Trump isn’t likely to keep his promise not to squander trillions of dollars more on wars that create more chaos and terror, but Sanders didn’t even try to rally his team behind the idea. In a brief nod to the expense of permanent war, he said that we should have intervened in Rwanda, but that Europe should pay their fair share of our next pseudo-humanitarian, imperial resource war.   

Jeffrey St. Clair has tracked the sordid trail of every pro-war stance that Senator Sanders took and every pro-war vote he cast on the way to his failed crusade for equality at home and war abroad. Each instance shines light on how we came to be “mired in debt and endless war” as Senator Sanders came to be where he is, from Vermont to the House, then the Senate and his new luxury vacation home on Lake Champlain.
 
It all began with his post-Vietnam War retreat to Vermont where the Progressive Alliance emerged to declare its independence from Republicans and Democrats and made him the Mayor of Burlington.
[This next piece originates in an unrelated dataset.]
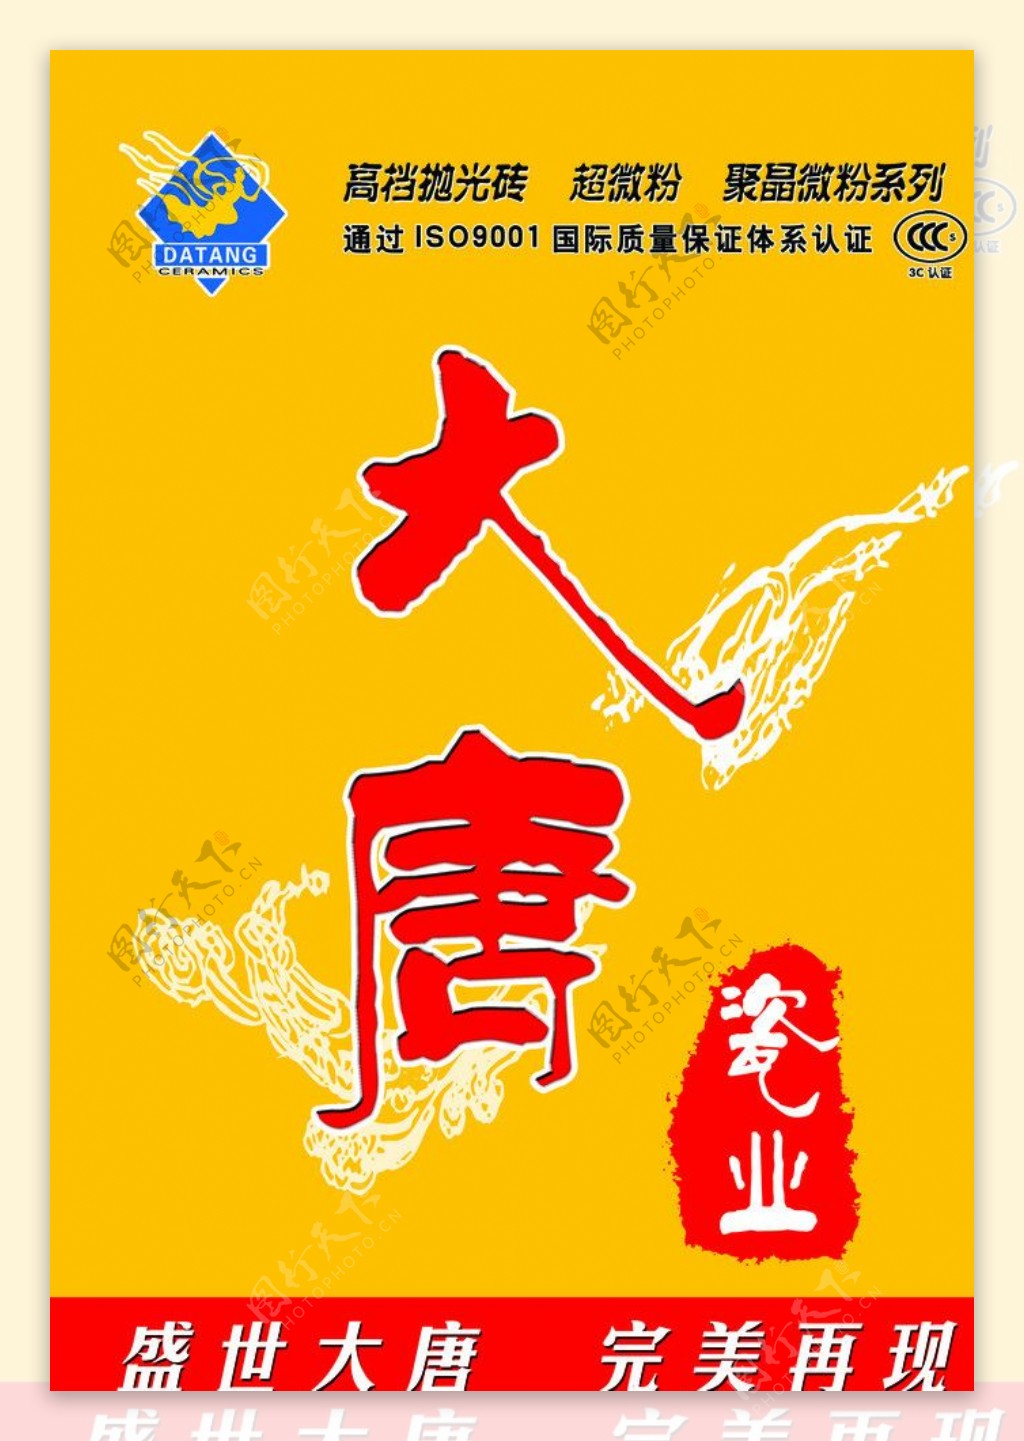 大唐瓷业海报图片

That seems to explain why he put on a show of leaving the Democratic Party after it failed to give him the nomination last July, and why he still clings to his flimsy veneer of independence from the party, even after becoming its “Outreach Chair,” a brand new position that Senate Minority Leader Chuck Schumer created just for him. I hope that’s not enough to fool anyone, especially the anti-war, anti-duopoly Green Mountain base that gave him his start.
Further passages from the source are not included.